Diverse populations ensure trial results are generalisable and reflect real-world patient use, strengthening safety and efficacy data.
2. Does MHRA mandate diversity quotas?
No. MHRA does not mandate quotas but expects sponsors to adopt inclusive recruitment strategies and justify eligibility criteria.
3. How can NHS Trusts support diversity?
Through outreach programmes, partnerships with community organisations, and integration of recruitment into routine healthcare.
4. What are common barriers to diversity in UK trials?

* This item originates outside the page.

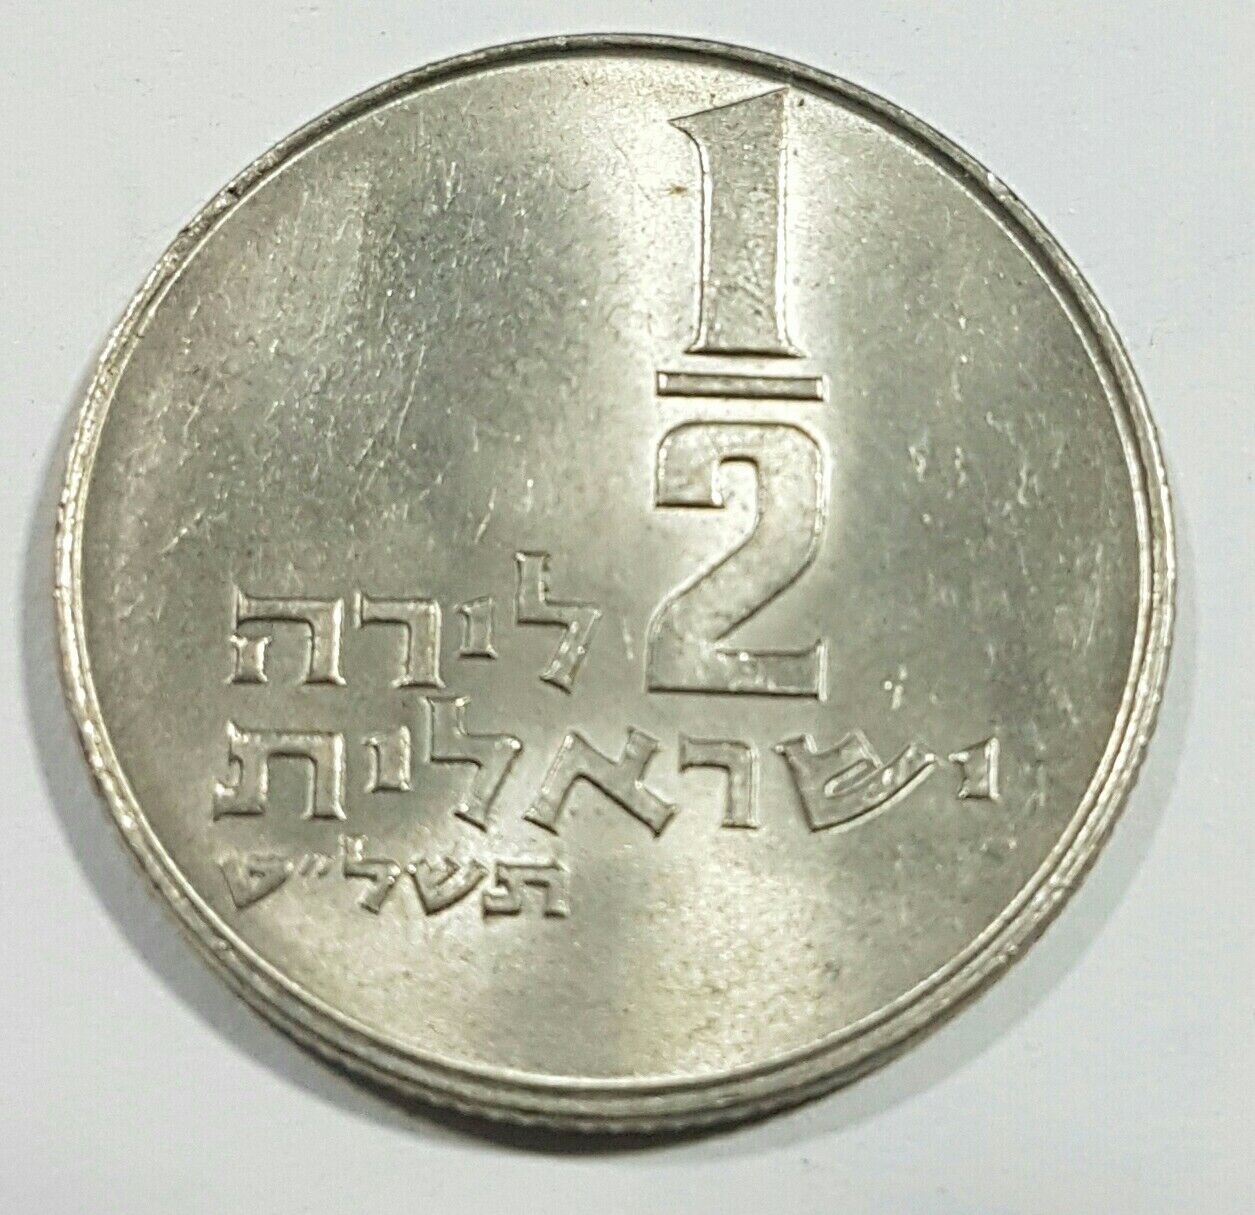 Israel Complete Set Coins Lot of 30 Coin Pruta Sheqalim Sheqel Agorot Since 1949 Без бренда - фотография #10

Language barriers, mistrust of research, socioeconomic constraints, and lack of accessible trial sites.
5. Are there UK-specific diversity initiatives?
Yes. NIHR has developed frameworks to strengthen equality, diversity, and inclusion in research.
6. Do sponsors need to report diversity metrics?
While not mandatory, reporting diversity metrics is encouraged and often required for global submissions.
7. How does decentralised research affect diversity?
Decentralised models improve access for patients in remote or underserved communities, supporting diversity goals.
Conclusion
Patient diversity in UK clinical research is both a regulatory expectation and an ethical responsibility. With MHRA and HRA oversight, NHS infrastructure, and NIHR diversity initiatives, the UK has the foundation to improve representation across trials. Sponsors, CROs, and investigators must adopt proactive recruitment strategies, community engagement programmes, and decentralised models to achieve equitable inclusion. By addressing barriers systematically, UK trials can produce results that are scientifically robust, ethically sound, and globally credible.